Jim Karcher

No. 29
- Position: Guard

Personal information
- Born: May 2, 1914 Forest, Ohio, U.S.
- Died: August 19, 1997 (aged 83) St. Louis Park, Minnesota, U.S.
- Listed height: 6 ft 0 in (1.83 m)
- Listed weight: 205 lb (93 kg)

Career information
- High school: Forest
- College: Ohio State

Career history
- Boston/Washington Redskins (1936–1939); Columbus Bullies (1940);

Awards and highlights
- NFL champion (1937); Second-team All-Big Ten (1935);

Career statistics
- Games played: 42
- Starts: 33
- Stats at Pro Football Reference

= Jim Karcher =

American football player (1914–1997)

James Norman Karcher (May 2, 1914 – August 19, 1997) was an American football offensive lineman for the Boston/Washington Redskins in the National Football League (NFL) and the Columbus Bullies in the American Football League (AFL), making the AFL All-League team for 1940. He played college football at Ohio State University.

== Biography ==
Karcher was born in Forest, Ohio, the son of Jerome John Karcher and Daisy E. Tuttle Karcher. His father died by drowning during a 1924 flood. He played college football at Ohio State University.

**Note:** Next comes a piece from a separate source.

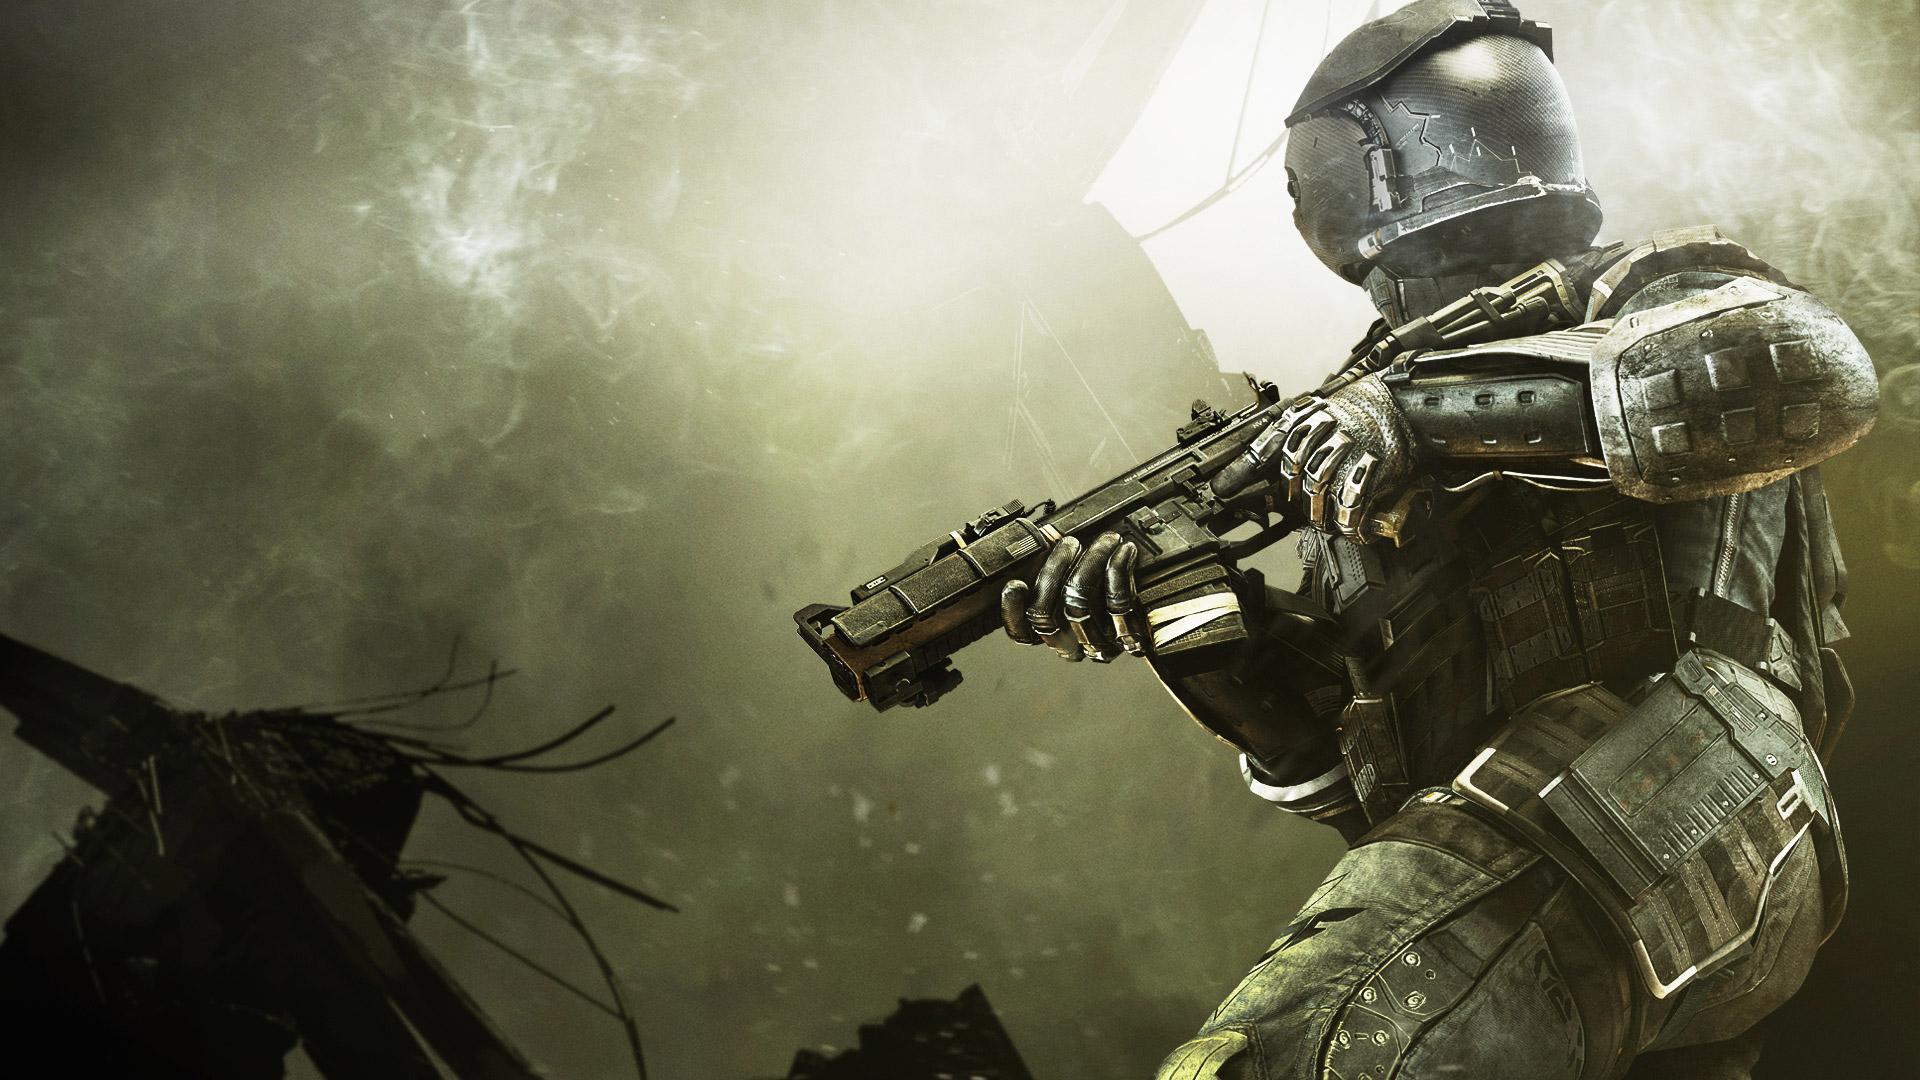 Free Call of Duty: Infinite Warfare Wallpaper in 1920x1080

Karcher played professional football with the Washington Redskins from 1936 to 1939 (starting while they were still based in Boston). He was a right guard in the starting lineup for the 1937 NFL championship game. He played one more year on the Columbus Bullies, an AFL team.

Karcher married Helen Roberta Zimmerman. They had three daughters. His wife died in 1989, and he died in 1997, at the age of 83, in St. Louis Park, Minnesota.